Cuore
- Categories: Celebrity magazine Women's magazine
- Frequency: Weekly
- Circulation: 229,050 (2011)
- Publisher: Zoom Ediciones, S.A.
- Founded: 2006
- First issue: May 2006
- Final issue: April 2020
- Company: Grupo Zeta
- Country: Spain
- Based in: Madrid
- Language: Spanish
- Website: Cuore

= Cuore (magazine) =

Spanish celebrity magazine (2006–2020)

Cuore was a weekly women's magazine based in Madrid, Spain. It was in circulation between May 2006 and April 2020.

==History and profile==
Cuore was established in 2006. The first issue was published in May 2006. The magazine was part of Grupo Zeta. It was headquartered in Madrid and was published weekly by Zoom Ediciones, S.A. It featured articles on celebrities and other topics addressing women aged between 20 and 35.

The founding editor was Alvaro Bermejo Garcia. Cuore had a Portuguese version distributed in Portugal.

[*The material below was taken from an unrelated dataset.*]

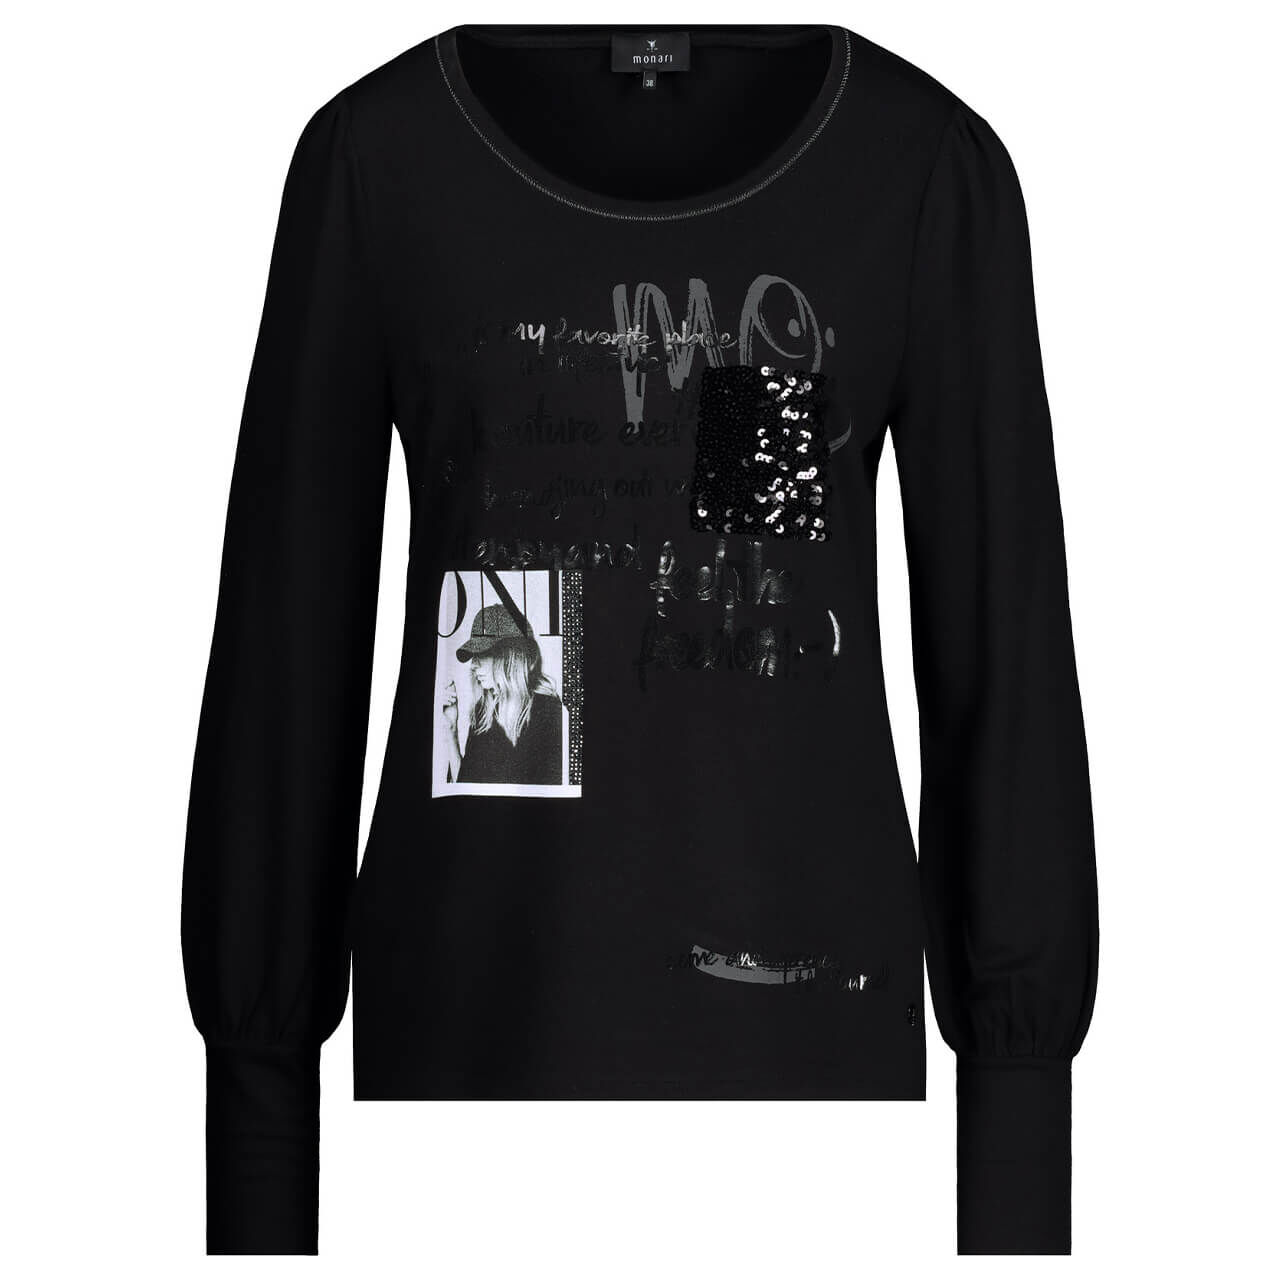 Monari Damen Langarm Shirt black glitter couture

Cuore was the third-best selling magazine in Spain in 2007. In 2008 its circulation was 216,959 copies, making it the fifth best-selling magazine in its category in Spain. The magazine sold 226,318 copies in 2010 and 229,050 copies in 2011.

The last issue of Cuore appeared in April 2020, and it was reported in July 2020 that the magazine ceased publication due to the COVID-19 pandemic which interfered with distribution of the magazine.